[AIM OF THE TASK]: All of the data, word for word and free of pictures, is the expected result.

[STORED DATA]:
===============

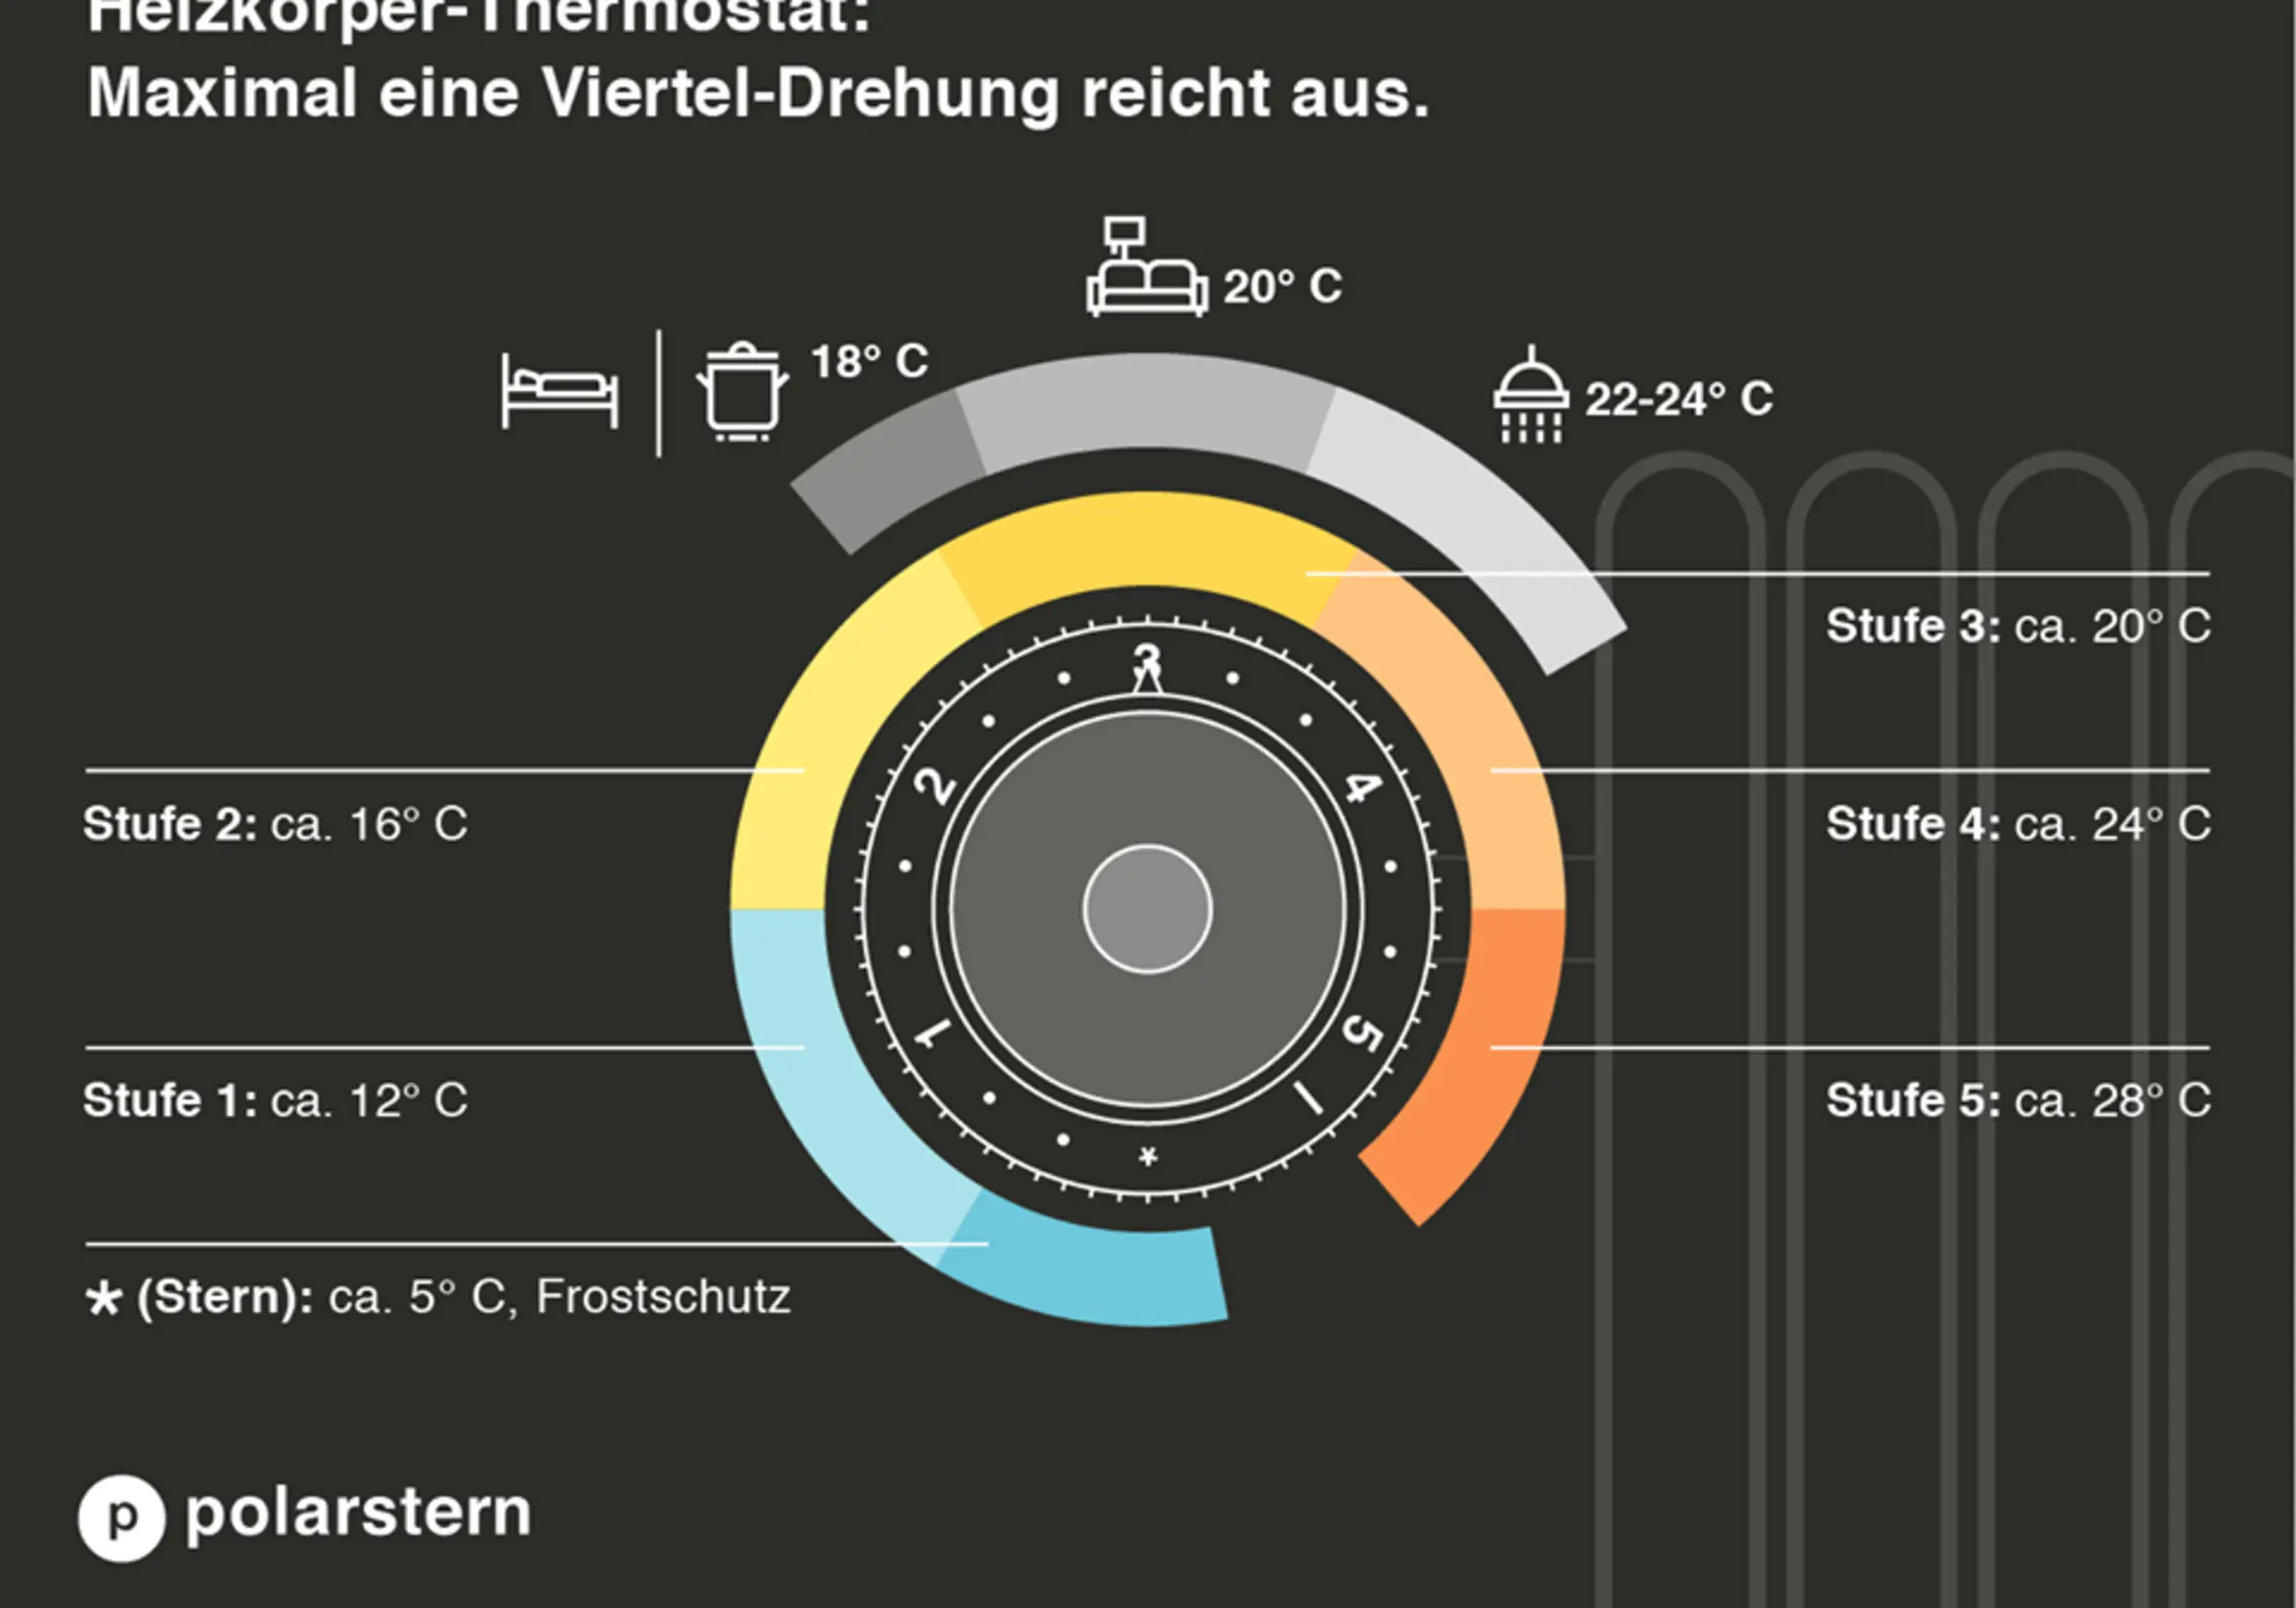 Grafik zur Bedeutung der Zahlen und Temperaturen auf einem Thermostat
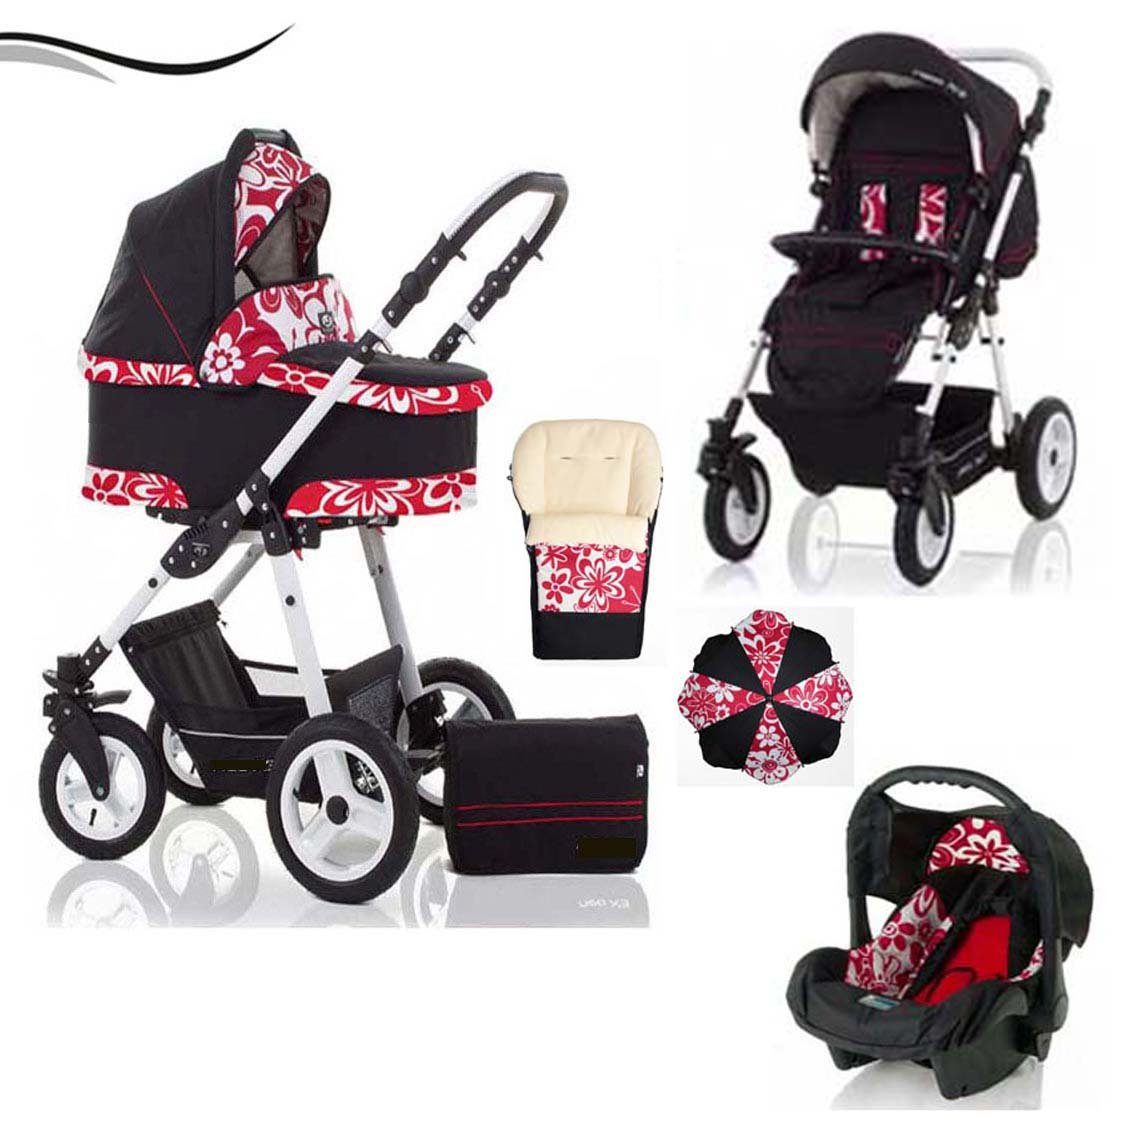 babies-on-wheels Kombi-Kinderwagen City Star 5 in 1 inkl. Autositz, Sonnenschirm und Fußsack - 18 Teile - von Geburt bis 4 Jahre in 16 Farben Rot-Blume
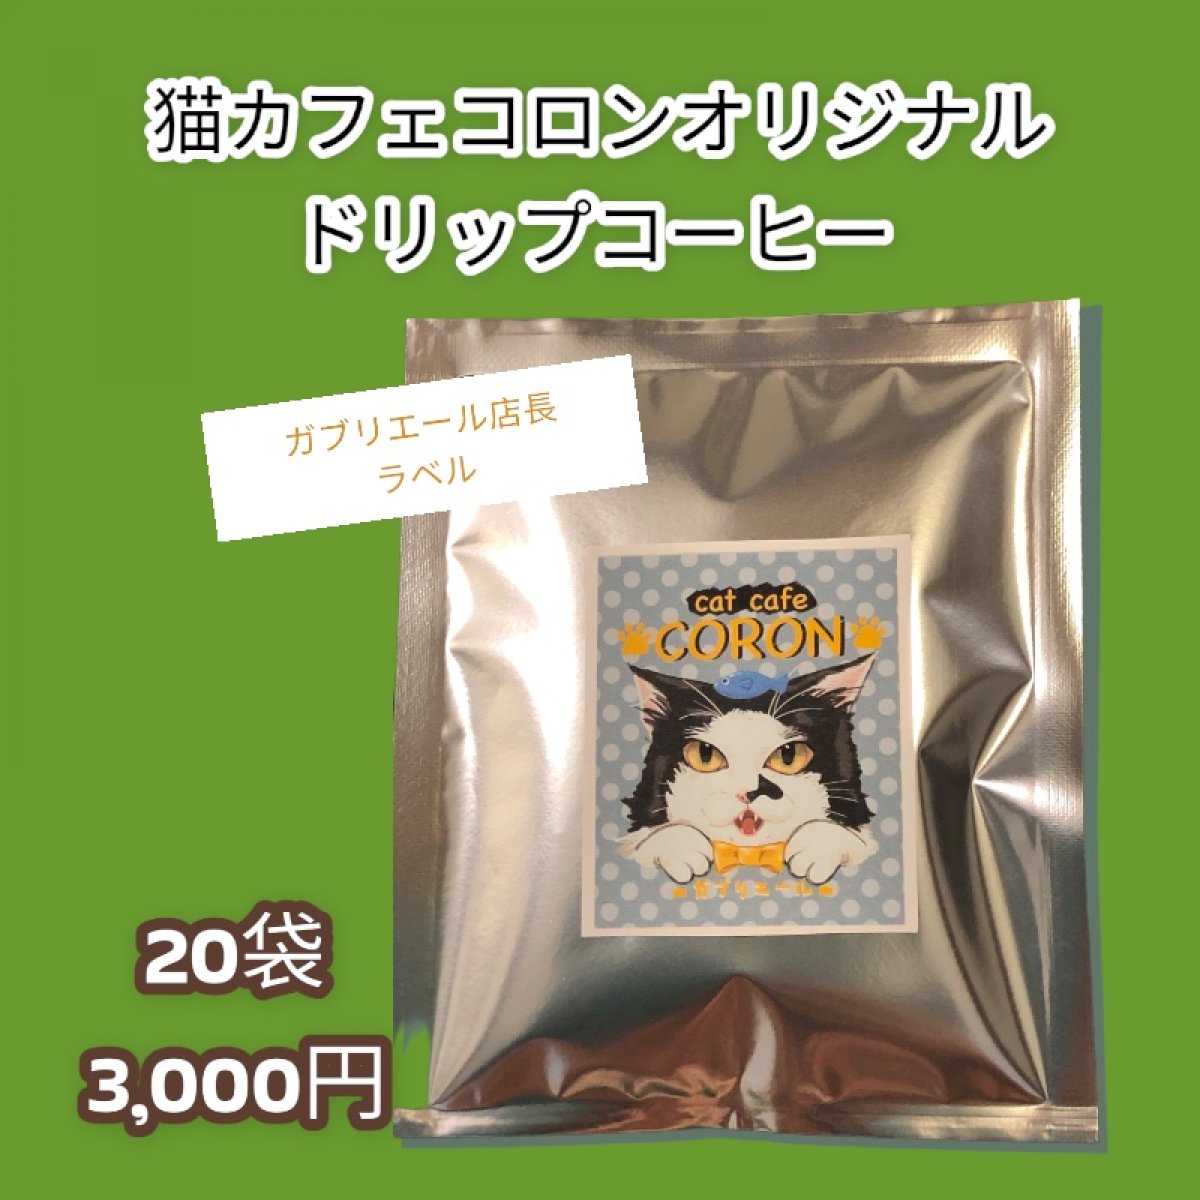 【猫カフェコロン応援ドリップパックコーヒー20袋】美味しい応援◆定期購入あり◆挽きたてをパックしてお届けです
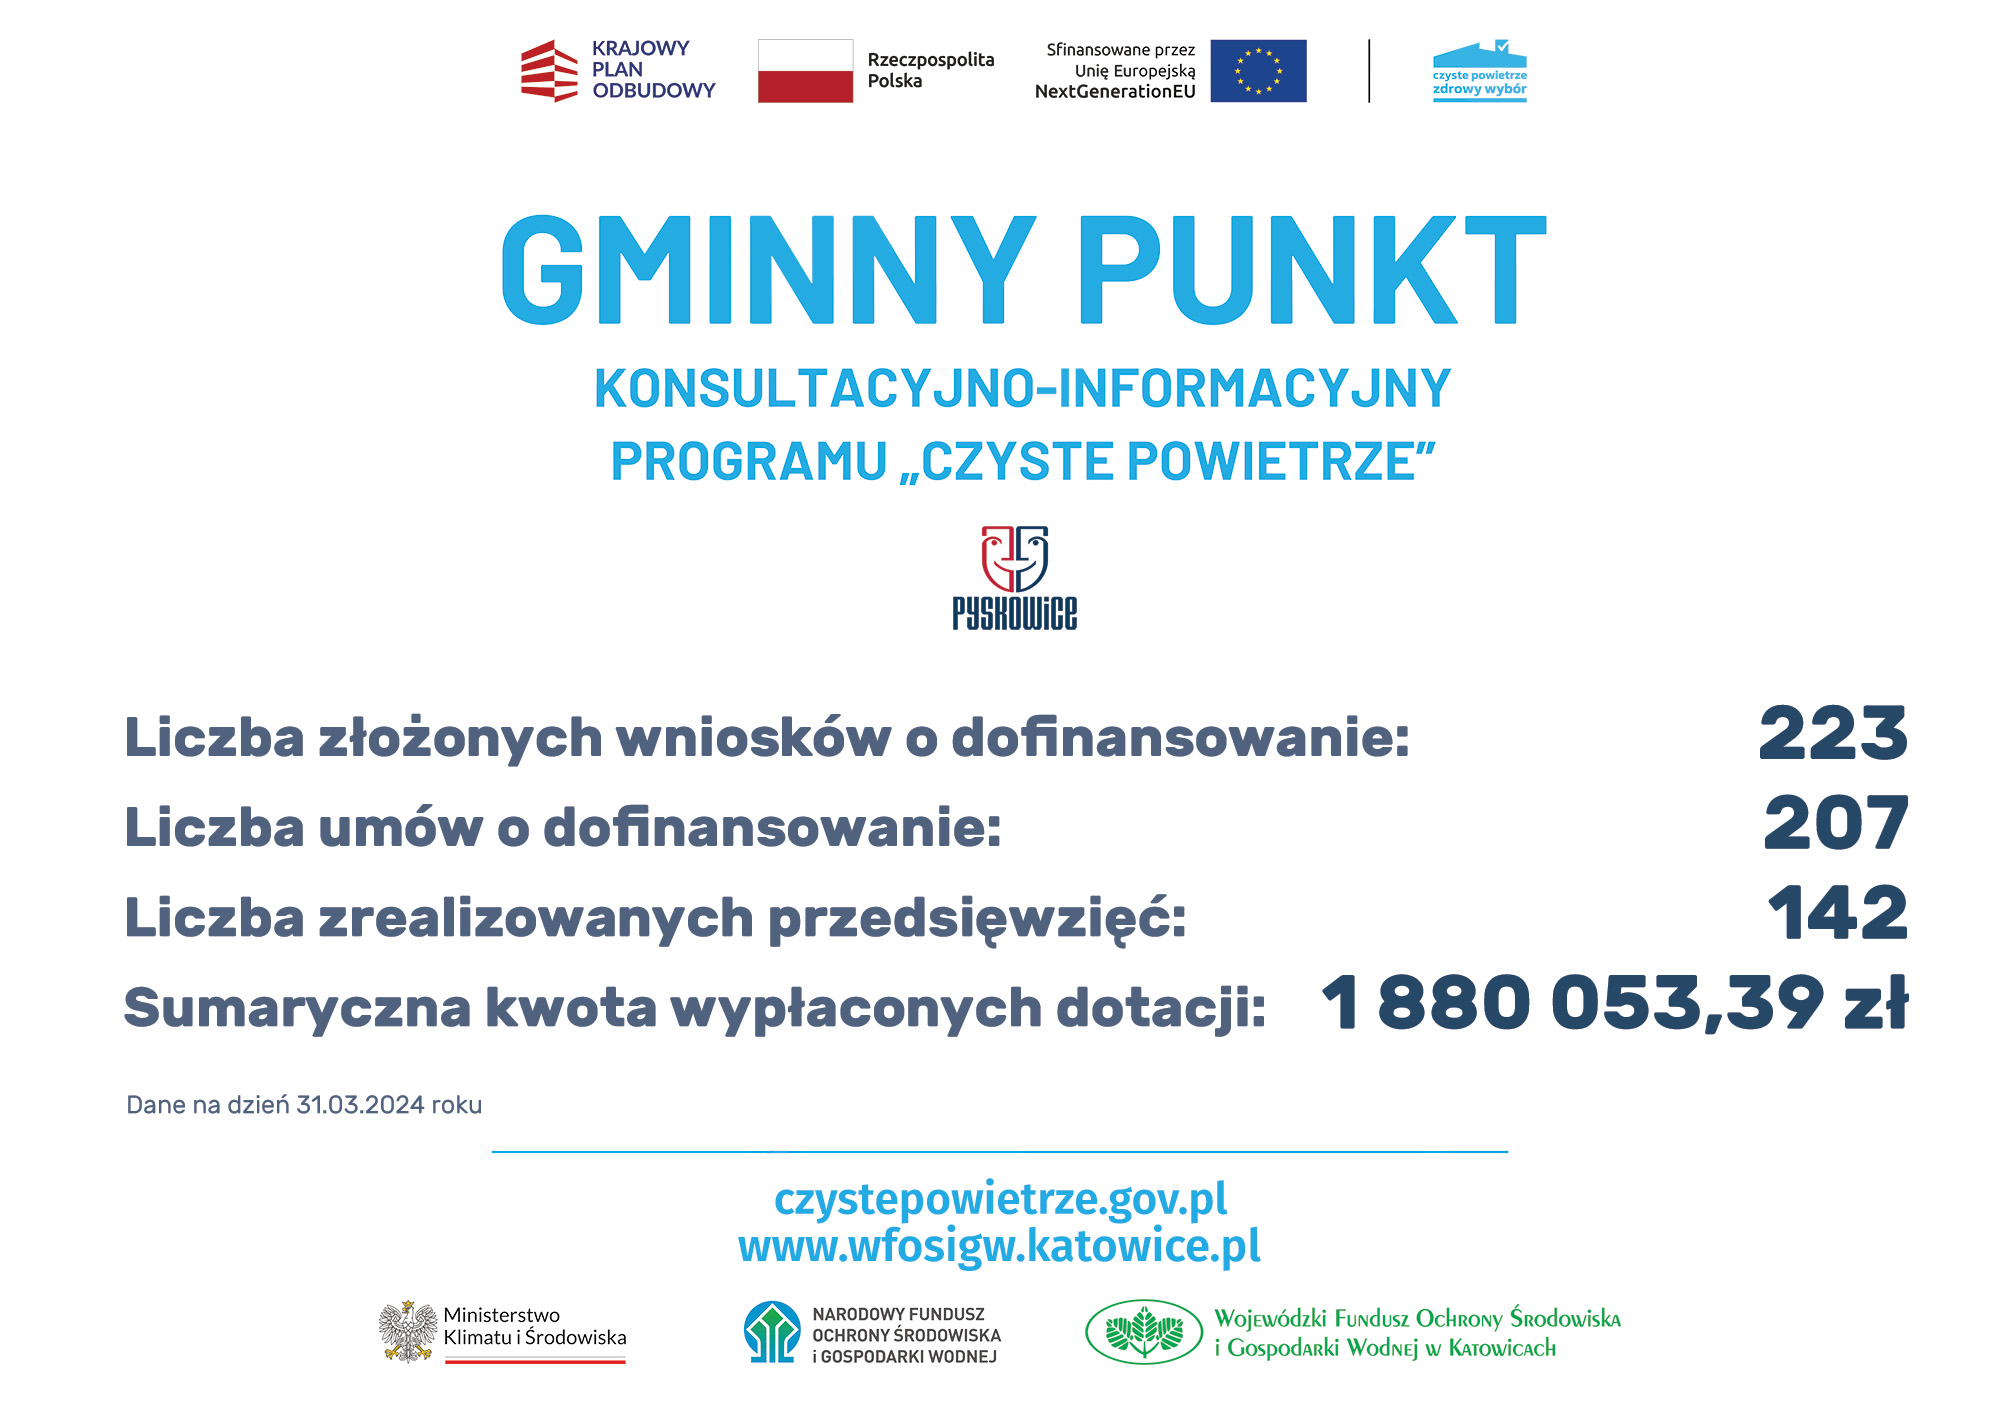 wyniki programu Czyste powietrze w Pyskowicach, dane na 31 grudnia 2023, zbieżne z treścią informacji

===============

[PROBLEM SOLUTION]:
 Grafik zur Bedeutung der Zahlen und Temperaturen auf einem Thermostat
 babies-on-wheels Kombi-Kinderwagen City Star 5 in 1 inkl. Autositz, Sonnenschirm und Fußsack - 18 Teile - von Geburt bis 4 Jahre in 16 Farben Rot-Blume
 【猫カフェコロン応援ドリップパックコーヒー20袋】美味しい応援◆定期購入あり◆挽きたてをパックしてお届けです
 wyniki programu Czyste powietrze w Pyskowicach, dane na 31 grudnia 2023, zbieżne z treścią informacji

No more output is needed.